Erstellt  am: 16.12.2012 :  18:13:27 Uhr  Profil anzeigen  Antwort mit Zitat
Hallo Stathis,

ja, ich staune immer wieder über genial einfachen Tricks aus dem Texereau Buch!
Manchmal steht dort in einem verstecktem Satz die Lösung eines lange gesuchten Problems - oft exakt auf den Punkt gebracht.

Beim Rand muss man zwischen der exakten Rundheit und der Oberfläche unterscheiden. Mit dem Blechstreifen würde ich erst ansetzen, wenn erstere ausreichend gut ist. Sicher kein Problem bei den wasserstrahl-geschnittenen Rundlingen.

Weiterhin die Körnungen nur soweit durchschleifen wie absolut nötig.
Ich denke aber, das macht man automatisch wegen dem langsamen Abtrag, oder?

Ich habe das bisher immer mit Diamantfeilen erledigt. Werde aber in Zunkuft dem losen Korn eine Chance geben. Loses Korn hat wirklich viele Vorteile!

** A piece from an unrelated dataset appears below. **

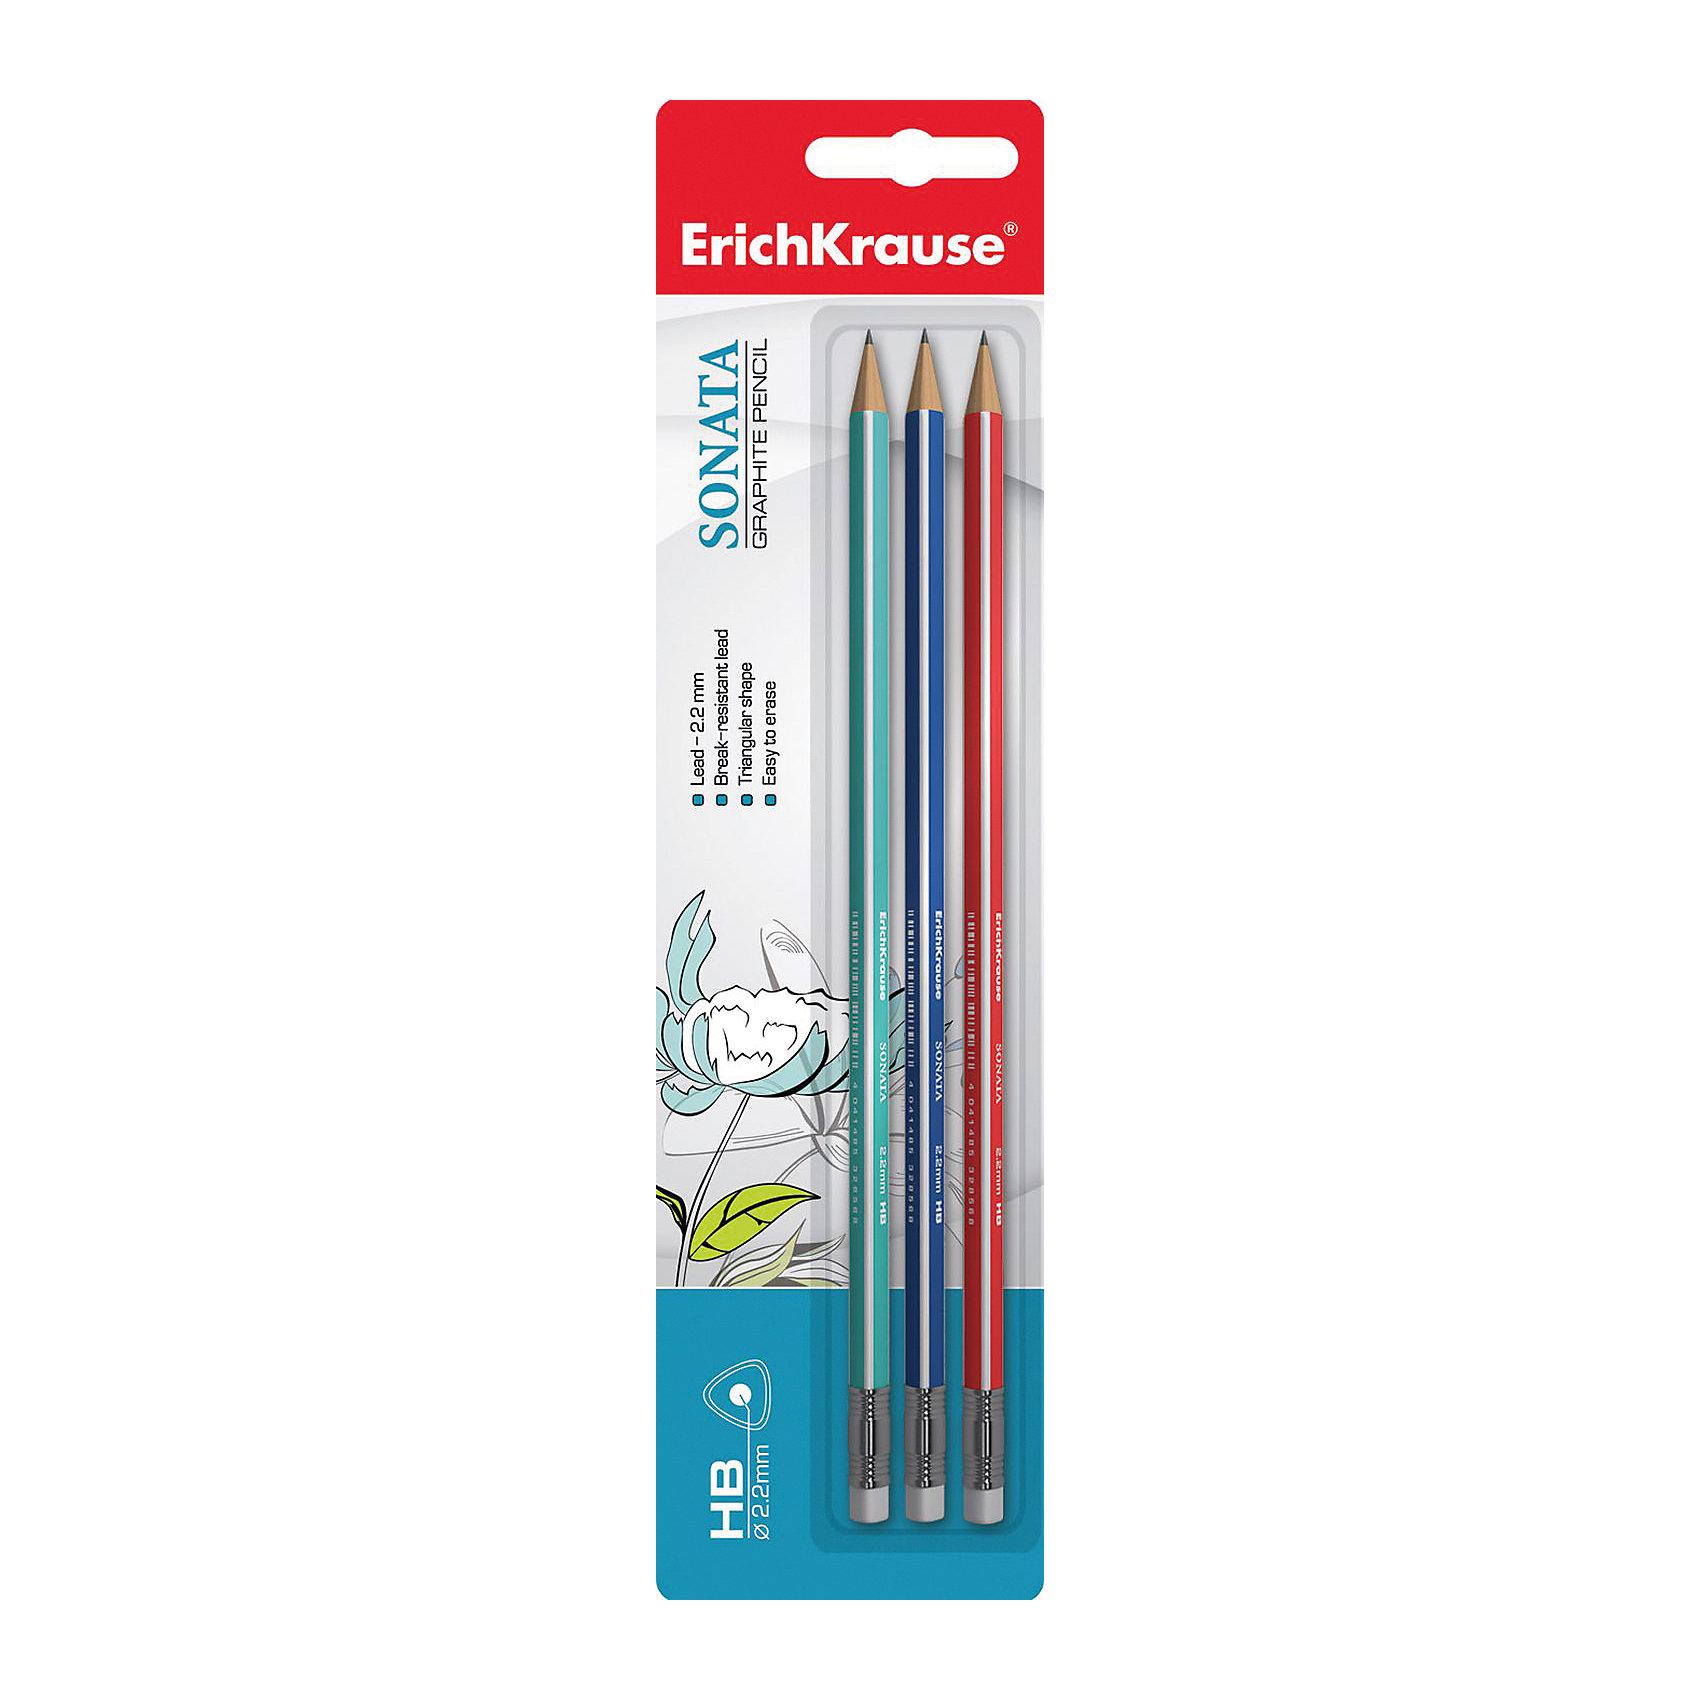 Набор из 3-х чернографитных карандашей с ластиком SONATA (HB), Erich KrauseНабор из 3-х чернографитных карандашей с ластиком SONATA (HB), Erich Krause (Эрих Краузе). <br><br>Характеристика: <br><br>• Материал: дерево.<br>• Мягкость: HB.<br>• Длина карандаша: 17 см. <br>• Форма корпуса: треугольная<br>• Ластик.<br>• Прочный грифель, устойчивый к падениям. <br>• Хорошо затачиваются. <br>• 3 карандаша в наборе. <br>• Цвет корпуса: синий, зеленый, красный. <br><br>Трехгранные карандаши SONATA обеспечивают правильный захват и постановку пальцев, выполнены из натуральной древесины. Карандаши легко и быстро затачиваются, имеют прочный грифель, который не ломается во время падений и не крошится при заточке. <br><br>Набор из 3-х чернографитных карандашей с ластиком SONATA (HB), Erich Krause (Эрих Краузе), можно купить в нашем интернет-магазине.<br><br>Ширина мм: 65<br>Глубина мм: 200<br>Высота мм: 8<br>Вес г: 30<br>Возраст от месяцев: 84<br>Возраст до месяцев: 2147483647<br>Пол: Унисекс<br>Возраст: Детский<br>SKU: 5436332

Beim aus der Scheibe geschnittenen 33" leif das so:

Zuerst das Übermaß (knapper Zentimeter) per Flex abtragen.
Die damalige Vorrichtung hatte eine Druckfeder im Scharnier.
Damit kann die Flex nach hinten ausweichen! Extrem wichtig!
Ein paar Stunden im Kreis macht jede Ecke rund.



Ergebnis der Aktion ist es exakt runder Rand mit ein paar Ausbrüchen an der Kante.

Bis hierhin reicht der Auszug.